I have a question about how to get the standard errors of the coefficients in my GLM model. I have the fisher information matrix which I calculated by hand, but it is unscaled.
How can I scale the fisher information matrix so that I get the same standard errors from the GLM function?

Best Answer

How can I scale the fisher information matrix so that I get the same standard errors from the GLM function?

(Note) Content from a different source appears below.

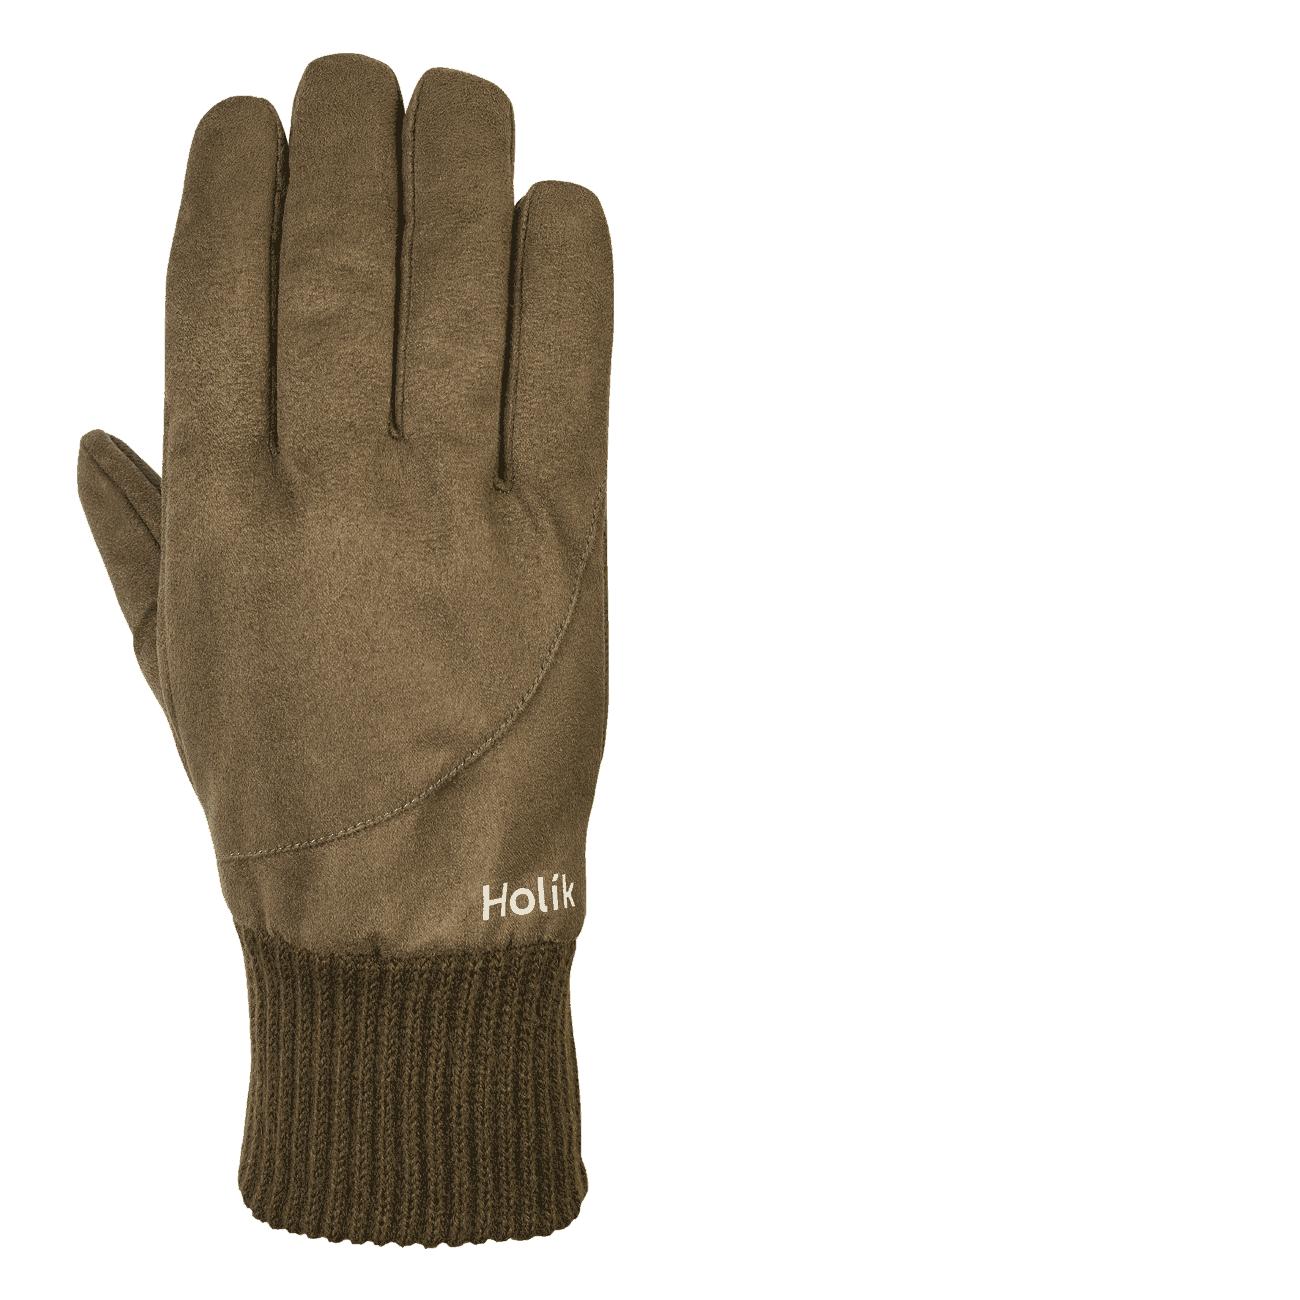 Holik Gloves Julie 8350

Time your unscaled co-variance matrix the dispersion paramter as done in summary.glm. The relevant code from summary.glm is

if (is.null(dispersion)) 
    dispersion <- if (object$family$family %in% c("poisson", 
        "binomial")) 
        1
    else if (df.r > 0) {
        est.disp <- TRUE
        if (any(object$weights == 0)) 
            warning("observations with zero weight not used for calculating dispersion")
        sum((object$weights * object$residuals^2)[object$weights > 
            0])/df.r
    }
    else {
        est.disp <- TRUE
        NaN
    }
# [other code...]
if (p > 0) {
    p1 <- 1L:p
    Qr <- qr.lm(object)
    coef.p <- object$coefficients[Qr$pivot[p1]]
    covmat.unscaled <- chol2inv(Qr$qr[p1, p1, drop = FALSE])
    dimnames(covmat.unscaled) <- list(names(coef.p), names(coef.p))
    covmat <- dispersion * covmat.unscaled
    # [more code ...]

The chol2inv(Qr$qr[p1, p1, drop = FALSE]) computes $(R^\top R)^{-1}=(X^\top WX)^{-1}$ which you make a comment about. Here, $R$ is the upper triangular matrix from the QR decomposition $QR=\sqrt{W}X$.


atiretoo answers only holds when the dispersion paramter is one as with the Poisson and Binomial distribution.